Do PLWH Need to Take More Precautions, Even if Vaccinated for COVID? Maybe
At a press briefing in May, CDC Director Rochelle Walensky, M.D., M.P.H., said what many Americans hoped to hear: “If you are fully vaccinated, you can start doing the things that you had stopped doing because of the pandemic.” That shift occurred because, according to the agency’s public health guidance, currently authorized vaccines in the U.S. are determined to be “highly effective at protecting vaccinated people against symptomatic and severe COVID-19.”
In its guidance, the CDC is pretty clear about what a vaccinated person can safely do, and what’s risky for an unvaccinated person. But it doesn’t make a special category for vaccinated people who may be immunocompromised, or, specifically, PLWH with low CD4 counts.
However, Philip Chan, M.D., chief medical officer of Open Door Health and consultant medical director at the Rhode Island Department of Health, said PLWH with high viral loads and/or low CD4 counts should: “Keep wearing your mask if CD4 drops below 200, and distance and avoid crowds.” He added that PLWH with low CD4 counts should not worry about effects from COVID vaccines. “They’re not live vaccines, and that makes a difference.”

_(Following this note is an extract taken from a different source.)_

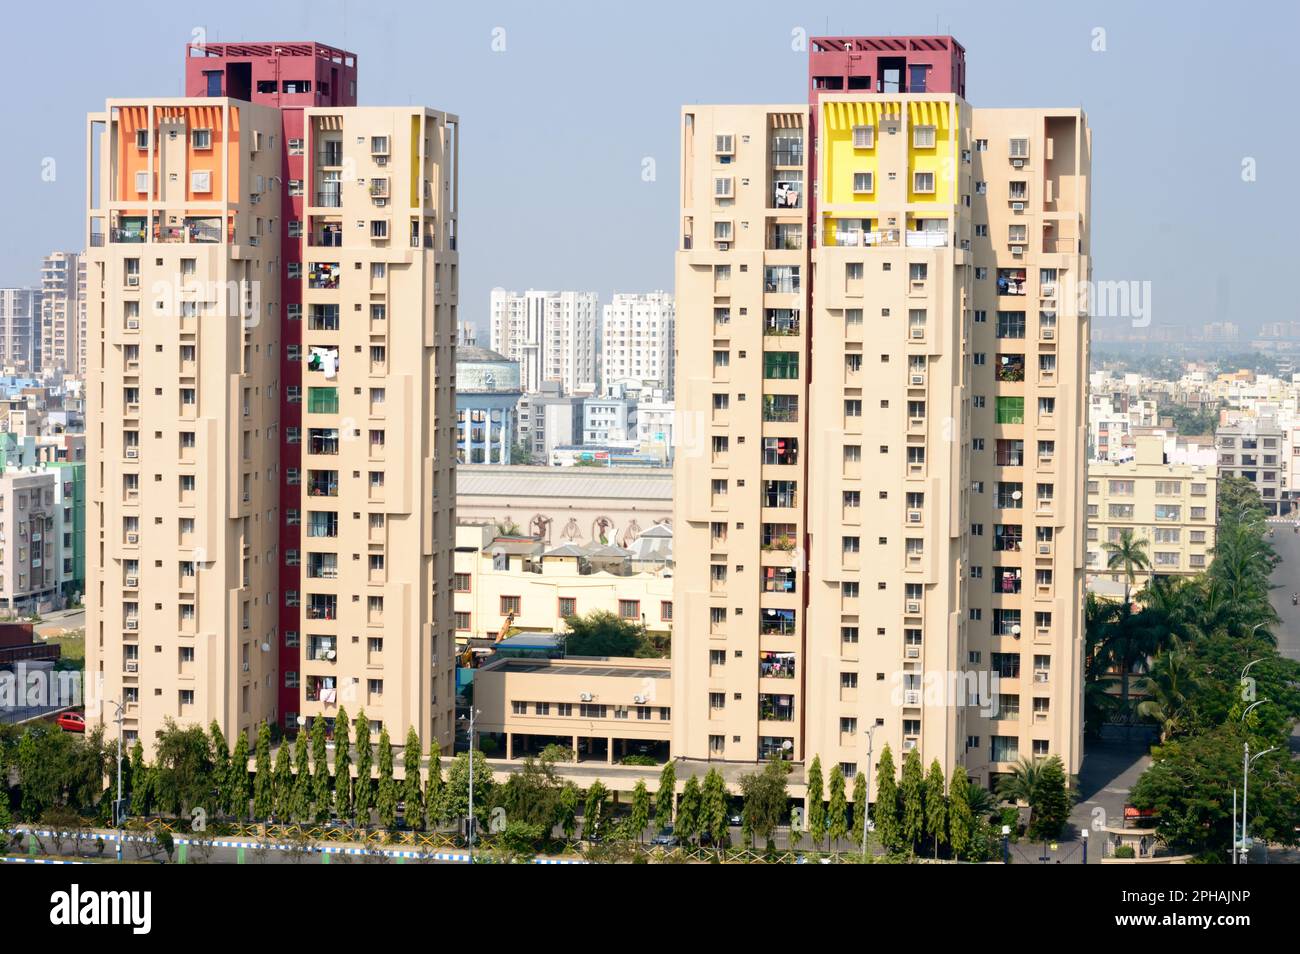 Ein Hochhaus mit zwei Türmen in Newtown Kalkutta. Kalkutta Indien Südasiatisch-Pazifischer Raum 18. Juli 2022 Stockfoto

Corey also drove home the point of getting vaccinated against COVID-19 regardless of CD4 count or viral load, as well as the importance of getting HIV under control. “If your HIV is not suppressed, you are potentially immunocompromised and could transmit a [CoV-2] variant,” he said. “That is the concern.”
Might PLWH need a booster shot to prevent COVID-19? Probably not, as long as HIV is well controlled, according to Gandhi, who published an essay explaining why boosters are unnecessary for most.
“In general, we don’t boost other vaccines [for PLWH], like tetanus, pertussis, regardless of CD4 count, except for people with T cells less than 200,” she said. Gandhi said a booster could be given for the hepatitis B vaccine, however.